SWING
Project Manager
Matthieu Bailleul, researcher at CNRS in IPCMS Strasbourg
The SWING project is part of the magnonics field, which aims to exploit the unique physical properties of spin waves, or magnons, to develop new information technologies, using their phase or amplitude for coding
Challenges
>Increase energy efficiency
>Develop new approaches to controlling the properties of spin-wave modes.
>Improve the level of integration of existing magnonic components
Solutions implemented
>New materials engineering
>Improvement of spin-wave interconversion;
>(Re)generation of spin waves via acoustics
>Development of non-reciprocal devices
More precisions
The SWING Targeted Project uniquely combines the non-volatility, reconfigurability, agility and non-linearity of magnetism, with the flexibility and parallelism of wave-based architectures.
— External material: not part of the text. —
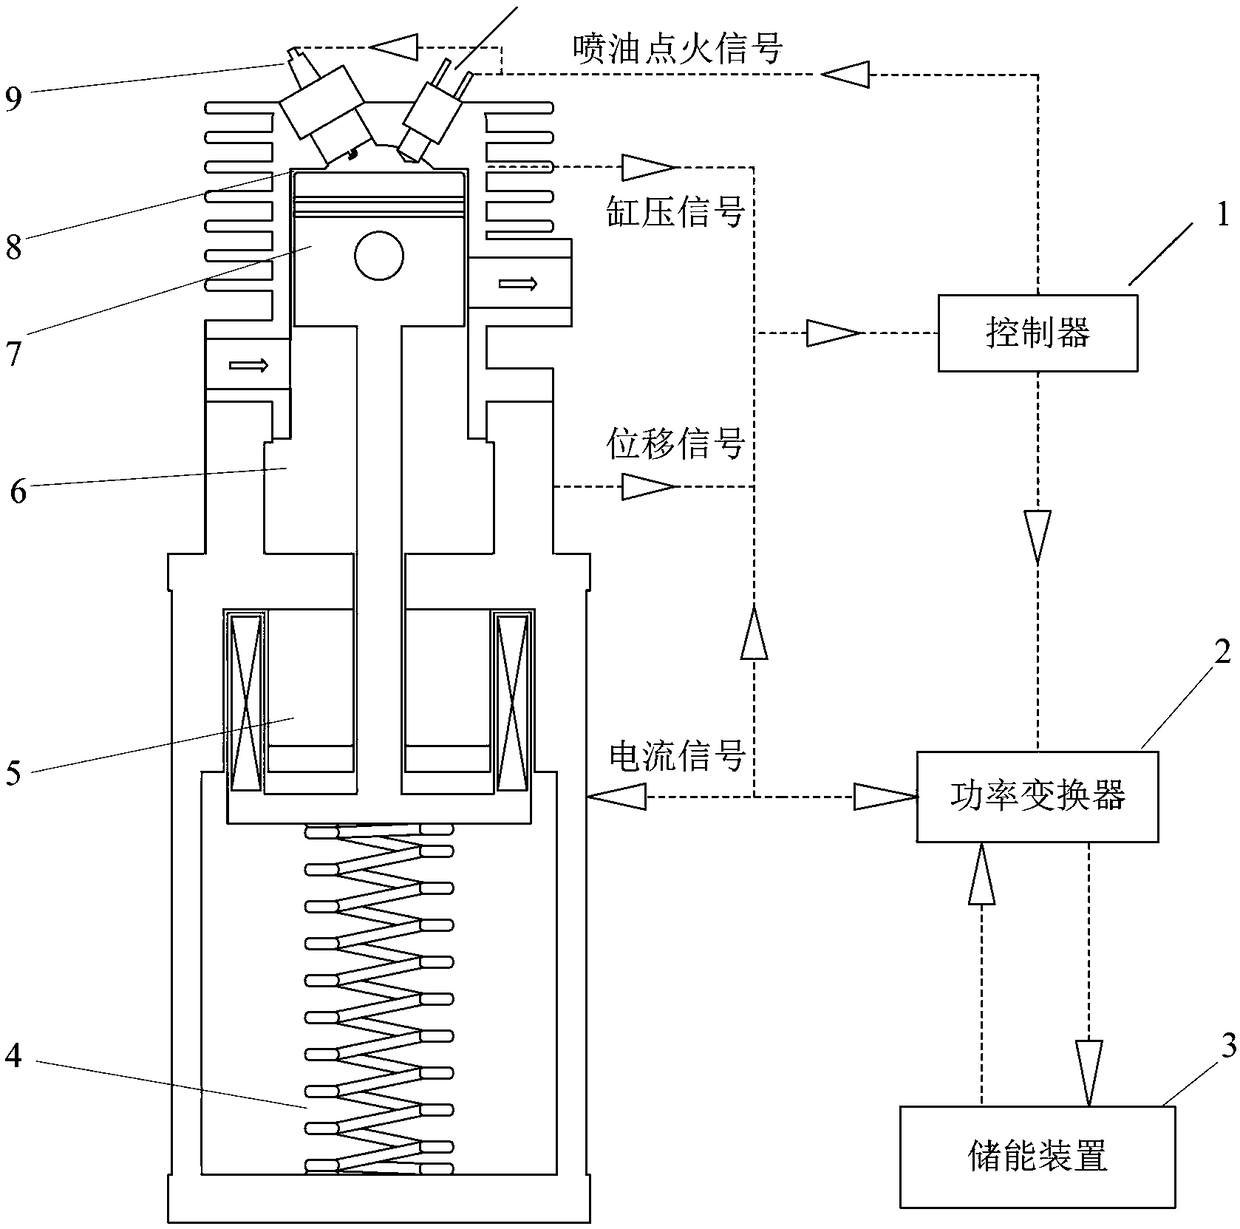 Stable operation process control method for free piston engine

Proofs of concept have already been reported recently, ranging from signal processing units to elementary logic gates, so that spin-wave devices are now among the most promising technologies beyond CMOS.
However, progress in this field has been seriously hampered by poor scaling of the inductive magnon-photon interaction, which is a bottleneck in terms of energy efficiency. We believe that the breakthroughs that will unlock the potential of magnonics lie at the interface between the fields of magnonics, spintronics and magneto-acoustics.
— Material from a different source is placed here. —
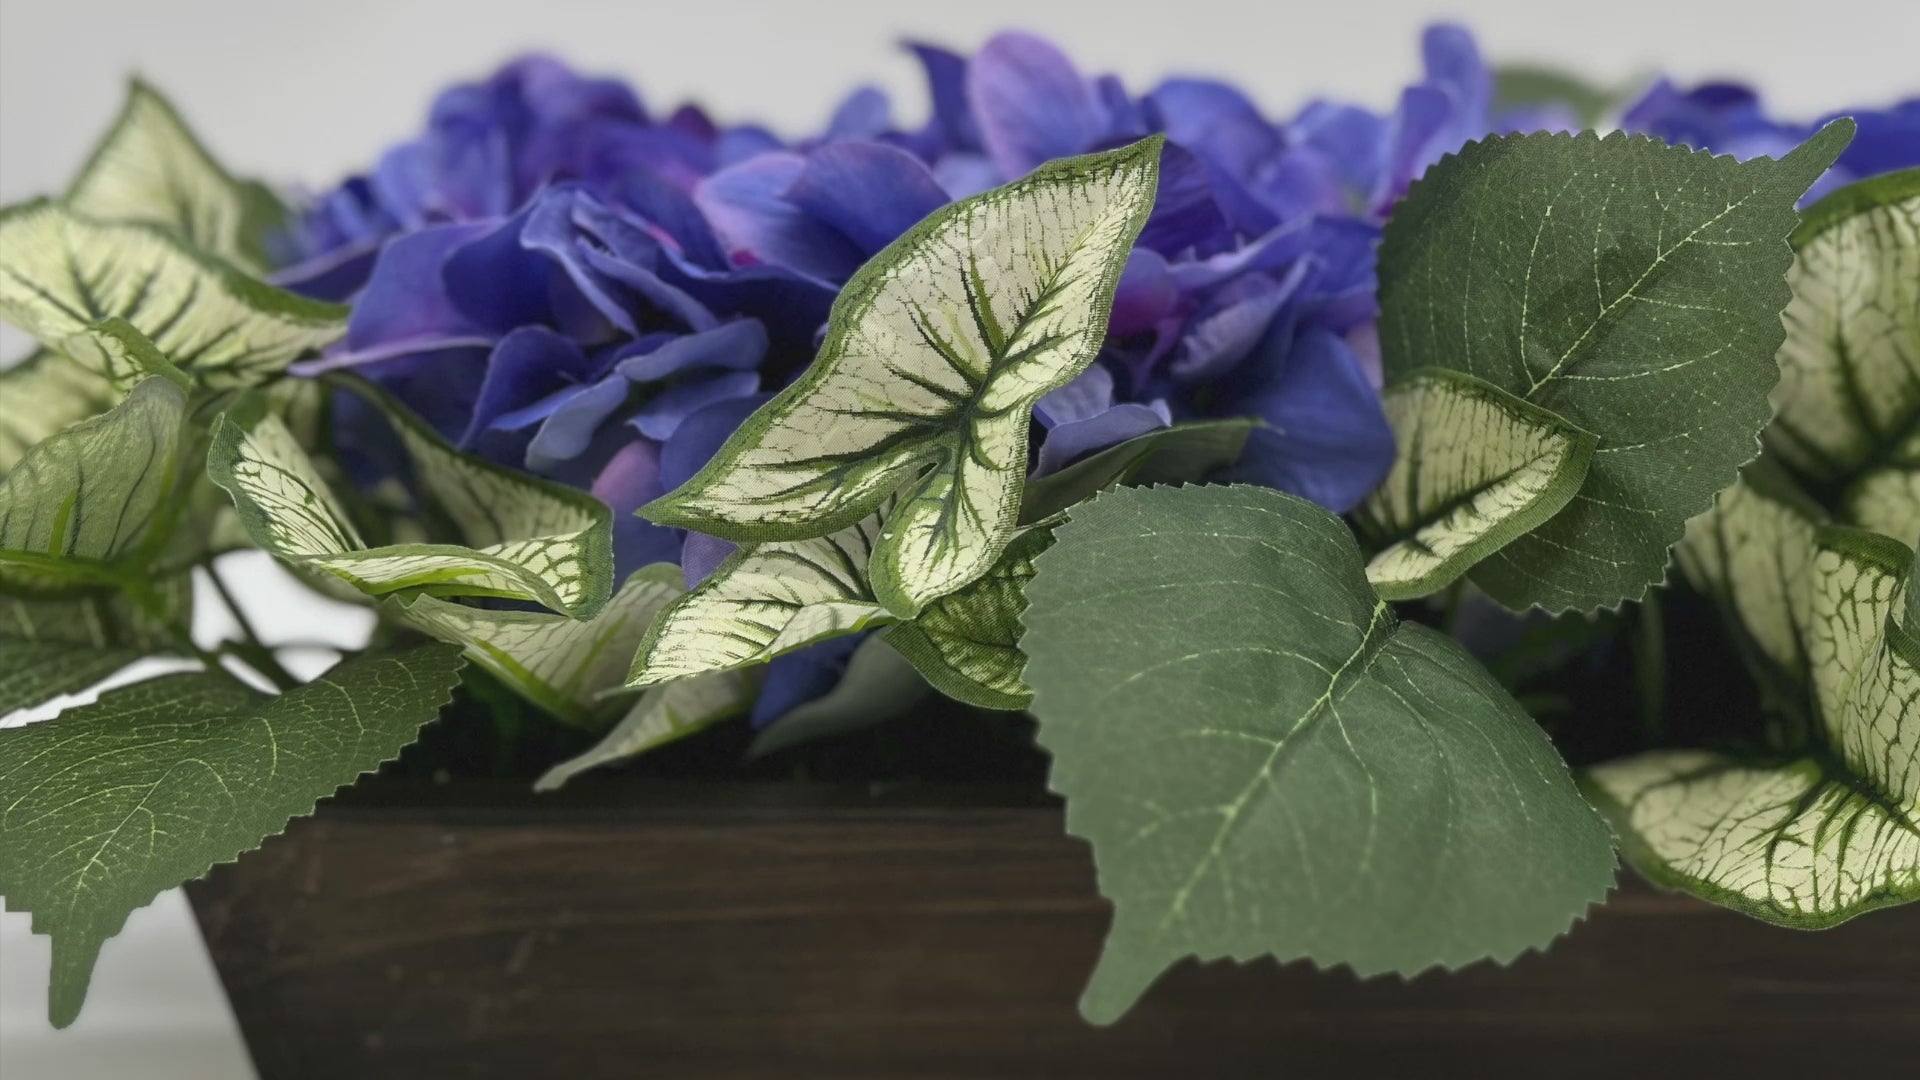 Lifelike Beauty in a Box: Blue Hydrangeas and Variegated Syngonium Leaves

Innovative strategies will be explored in the SWING project to excite, manipulate and detect spin waves with improved energy efficiency.
To this end, the approach will be to take advantage of spin-wave interactions with highly non-uniform magnetic configurations, in order to obtain new dynamic regimes, including spin-wave-induced switching and chiral spin-wave guiding.
The coupling of spin waves with other degrees of freedom, in particular the elastic degree, for efficient energy injection in hybrid magnonic systems will be exploited.
Finally, efficient nanoscale spin-wave transducers by integrating nanomagnets and spintronic sensors on magnonic waveguides will be designed. This vast multidisciplinary effort will be accompanied by the design and evaluation of key magnonic components for analog and digital architectures.
The consortium
Institut de physique et de chimie des matériaux de Strasbourg (CNRS, Strasbourg), Institut Jean Lamour (CNRS, Nancy), Laboratoire Albert Fert (CNRS, Palaiseau), Service de Physique de l’Etat Condensé (CEA, Gif-sur-Yvette), SPINTEC (CEA, Grenoble), IMT-Atlantique (IMT, Brest), Institut des Nanosciences de Paris (CNRS, Paris), Laboratoire des Sciences des Procédés et des Matériaux (CNRS, Villetaneuse)